We evaluated the segmentation network on the original and six additional sets of macaque images. Table 2 reports the segmentation results and the color variation between the test sets and the training set. Despite the fact that the model was trained using color augmentation techniques, segmentation performance has been negatively impacted by color variations. The scores of the original set were the best since they came from the same data as the training set. They were used as references to show the performance degradation due to GAN artifacts and color variation. The scores of the control group were comparable to the reference but slightly lower, indicating that almost all information of the original image was preserved during encoding and decoding. The group with the most degradation in segmentation was the recolored-1 set, which had the most significant color variation compared to the original set (KL div: 0.27). In particular, the AJI of this set decreased by 17% when compared to the reference. The recolored-3 set, on the other hand, scored similarly to the control group as it had similar color distributions both visually and quantitatively (KL div: 0.01). It suggests that the DL segmentation model is robust to slight color variation. Overall, the findings suggest that the segmentation performance decreases more in test sets with higher color variation. Surprisingly, the segmentation in the recolored-4 set was better than that in recolored-2, even though the former had a more visually distinct color variance. This might be due to the fact that despite the color variation, the contrast between cell and tissue is also essential for neural networks to segment cells. In our case, the darker stained images in the recolored-4 set presented a more significant contrast than lighter stained images in the recolored-2 set, providing a better condition for cell segmentation.

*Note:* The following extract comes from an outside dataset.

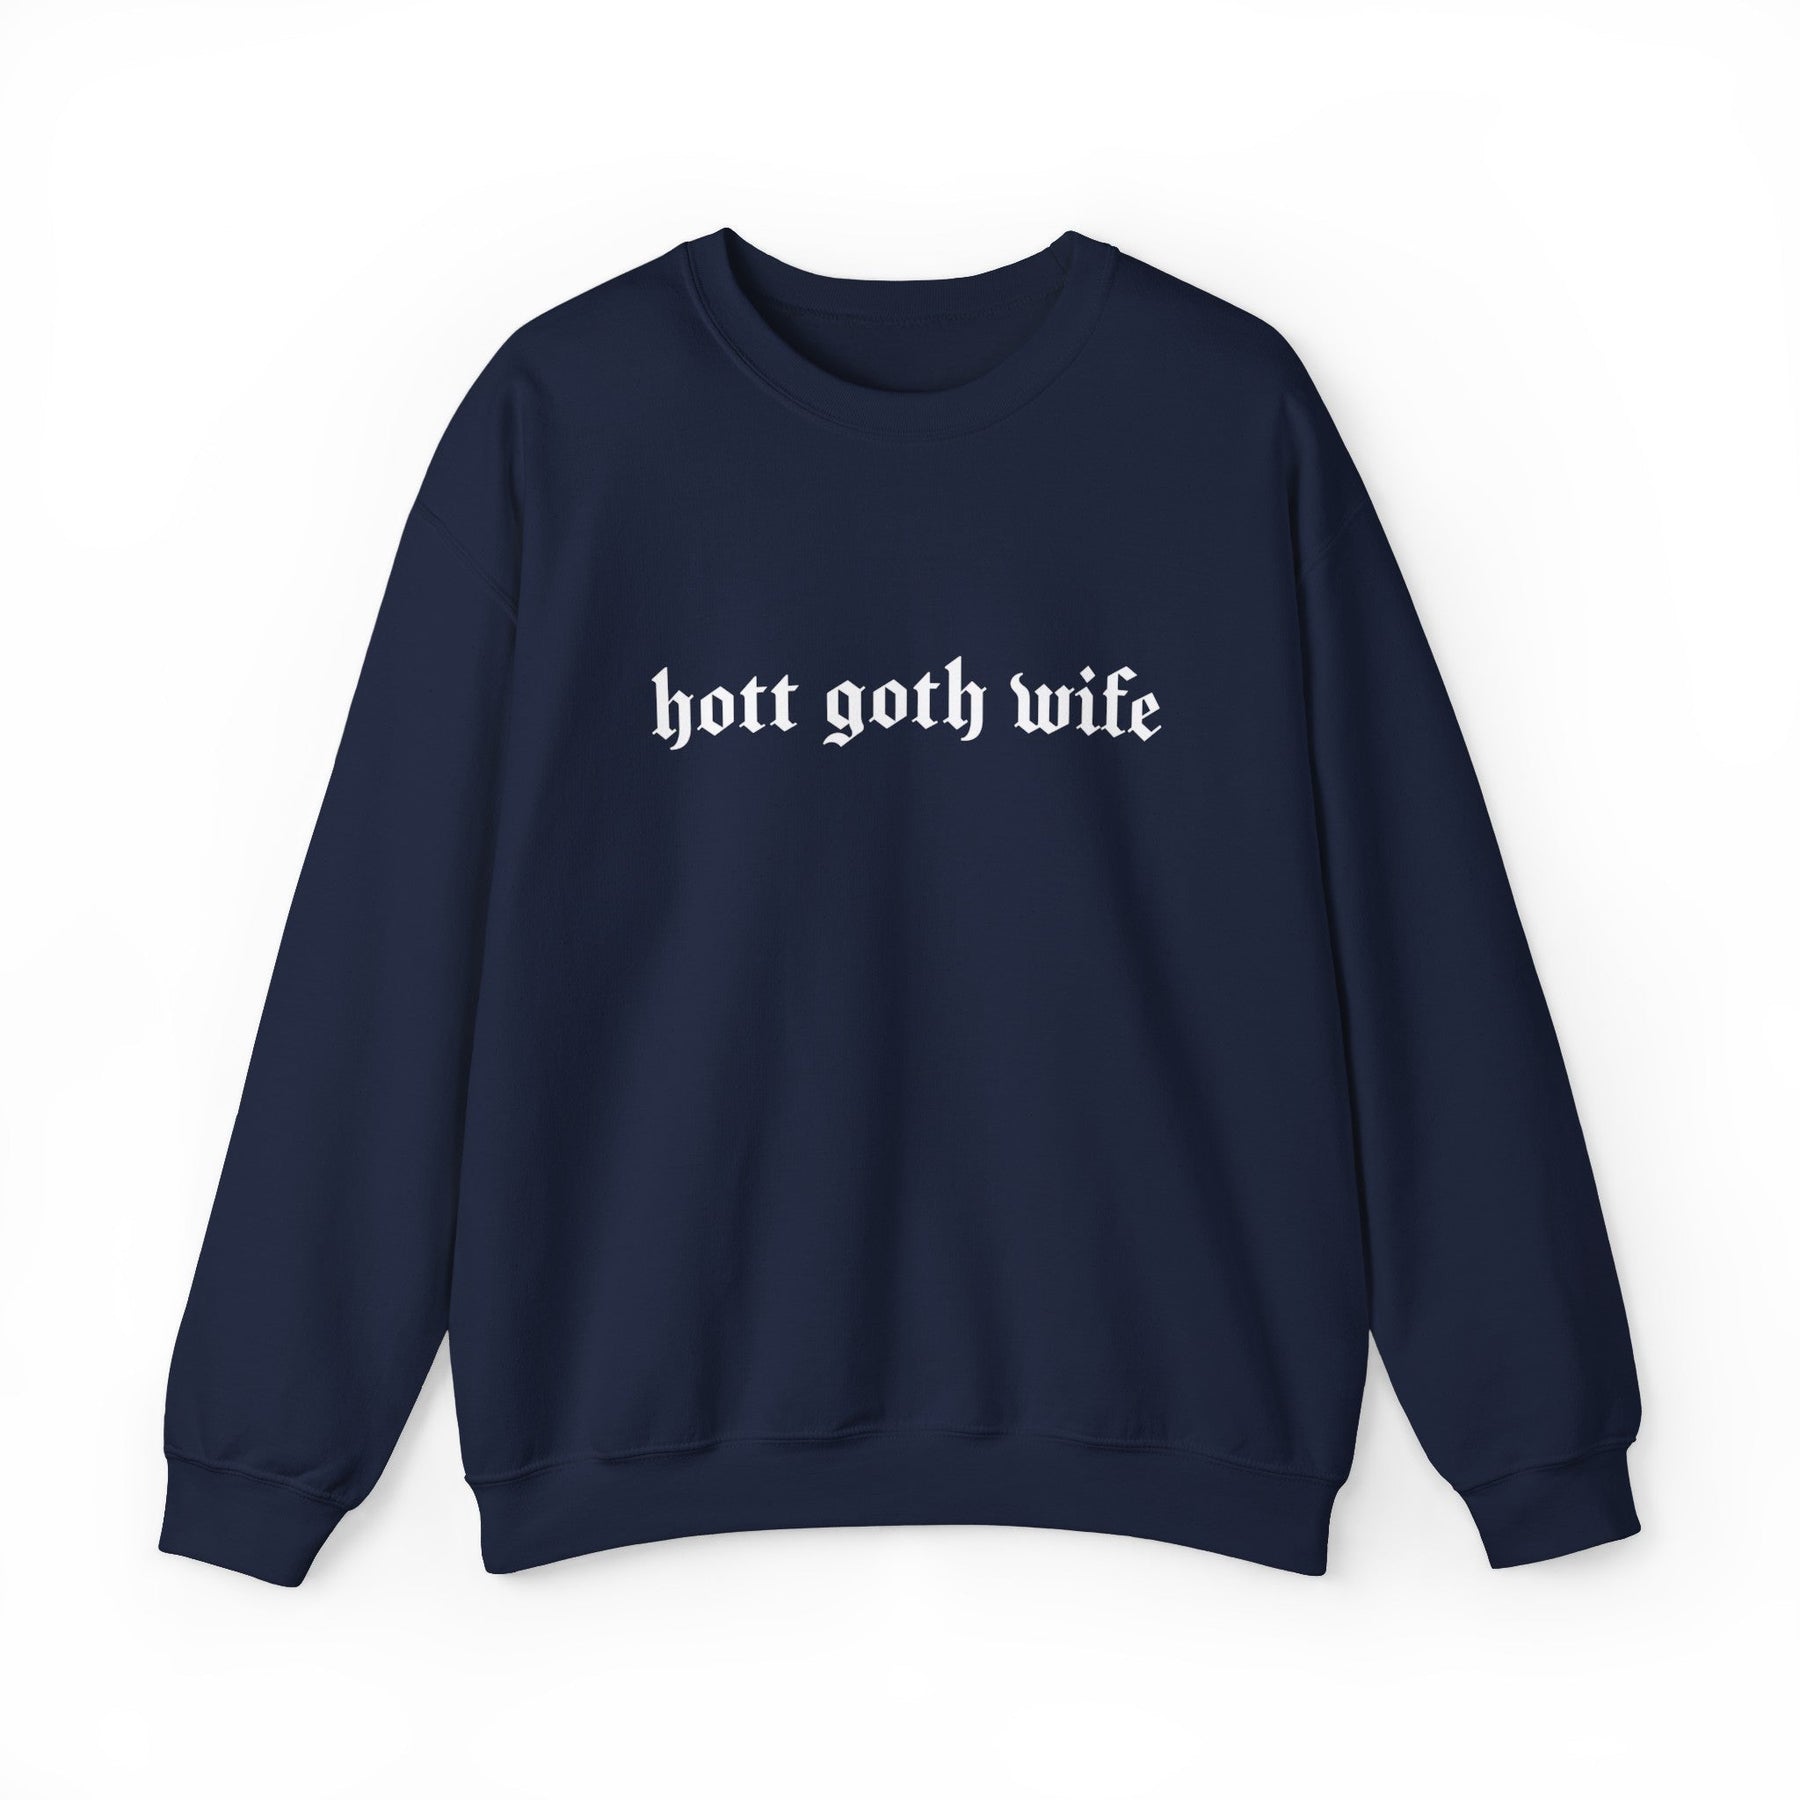 Hott Goth Wife Long Sleeve Crew Neck Sweatshirt - Goth Cloth Co.Sweatshirt29998484986375186113

4 Conclusion and Perspectives

In this paper, we created an original dataset with five controlled color changes, which is well-suited for evaluating the performance of color transfer methods. We applied the ReHistoGAN method to perform the stain color transfer on IHC staining histological images. The results demonstrated its superiority and robustness compared with other state-of-the-art methods. Using ReHistoGAN, we intentionally altered the color of the macaque segmentation test set, which enabled us for the first time to quantitatively investigate the impact of color variation on IHC stained cell segmentation (semantic and instance) using neural networks. Experiments showed that the cell segmentation negatively correlated to the color variation between the test and the training sets. However, for a given color variation, the segmentation was better on images with darker stains. (see recolored-2 and recolored-4 in Table 2). Previous GAN-based approaches [bentaieb2017adversarial, shaban2019staingan] have not been assessed due to their lack of flexibility. Further studies are needed to validate the color transfer performance of ReHistoGAN compared to these methods. As a preliminary study, we only investigated NeuN staining images in the cortex region. Further work is needed to establish a strategy for the automatic selection of appropriate target images in various anatomical regions, which will allow us to expand this study to the entire brain. Moreover, additional study on images with other stainings (e.g., H&E) would also be worthwhile.

4.0.1 Acknowledgements.

This work was supported by DIM ELICIT grants from Région Ile-de-France, by the French National Research Agency (project SUMMIT ANR-21-CE45-0022-01) and by the European Union’s Horizon 2020 research and innovation program under the grant agreement No. 945539 (Human Brain Project SGA3).